Lieber and Press's article has caused a ruckus in the foreign-policy world. Peter C.W. Flory, Assistant Secretary of Defense for International Security Policy, wrote to Foreign Affairs that:
The essay by Keir Lieber and Daryl Press ("The Rise of U.S. Nuclear Primacy, "March/April 2006) contains so many errors, on a topic of such gravity, that a Department of Defense response is required to correct the record.
This, from "Nuclear Exchange: Does Washington Really Have (or Want) Nuclear Primacy?" (Foreign Affairs, Sept./Oct. 2006), where Lieber and Press reply to Flory and several other critics, and point to evidence that preemptive nuclear strikes have long been an element of Pentagon planning.
Today, the Pentagon announced the successful testing of a component of the "Star Wars" anti-ballistic-missile (ABM) system initiated during the Regan Administration--a "total success...a huge step." The US insistence on abrogating treaty obligations in order to push the costly ABM program figures into Lieber and Press's argument:
Washington's pursuit of nuclear primacy helps explain its missile-defense strategy, for example.

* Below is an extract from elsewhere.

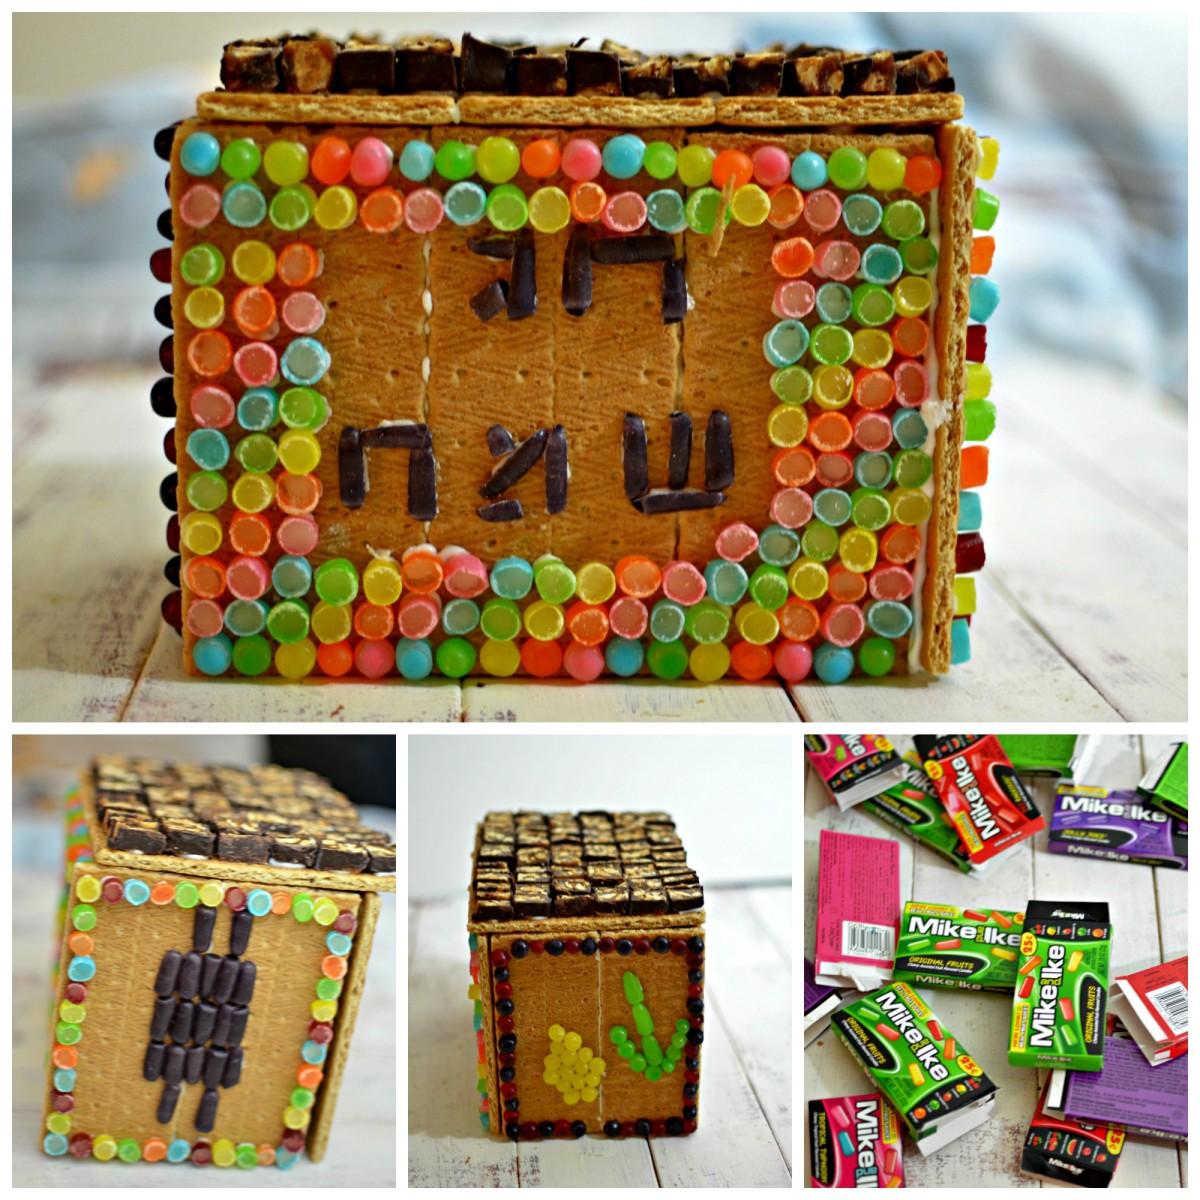 Candy Sukkah_Miriam Szokovski

Critics of missile defense argue that a national missile shield, such as the prototype the United States has deployed in Alaska and California, would be easily overwhelmed by a cloud of warheads and decoys launched by Russia or China. They are right: even a multilayered system with land-, air-, sea-, and space-based elements, is highly unlikely to protect the United States from a major nuclear attack. But they are wrong to conclude that such a missile-defense system is therefore worthless -- as are the supporters of missile defense who argue that, for similar reasons, such a system could be of concern only to rogue states and terrorists and not to other major nuclear powers.
What both of these camps overlook is that the sort of missile defenses that the United States might plausibly deploy would be valuable primarily in an offensive context, not a defensive one -- as an adjunct to a U.S. first-strike capability, not as a standalone shield. If the United States launched a nuclear attack against Russia (or China), the targeted country would be left with a tiny surviving arsenal -- if any at all. At that point, even a relatively modest or inefficient missile-defense system might well be enough to protect against any retaliatory strikes, because the devastated enemy would have so few warheads and decoys left.
Just over three years ago, it was "old Europe" whose global significance was unimpressive to Donald Rumsfeld--tomorrow, it could be "old Eurasia."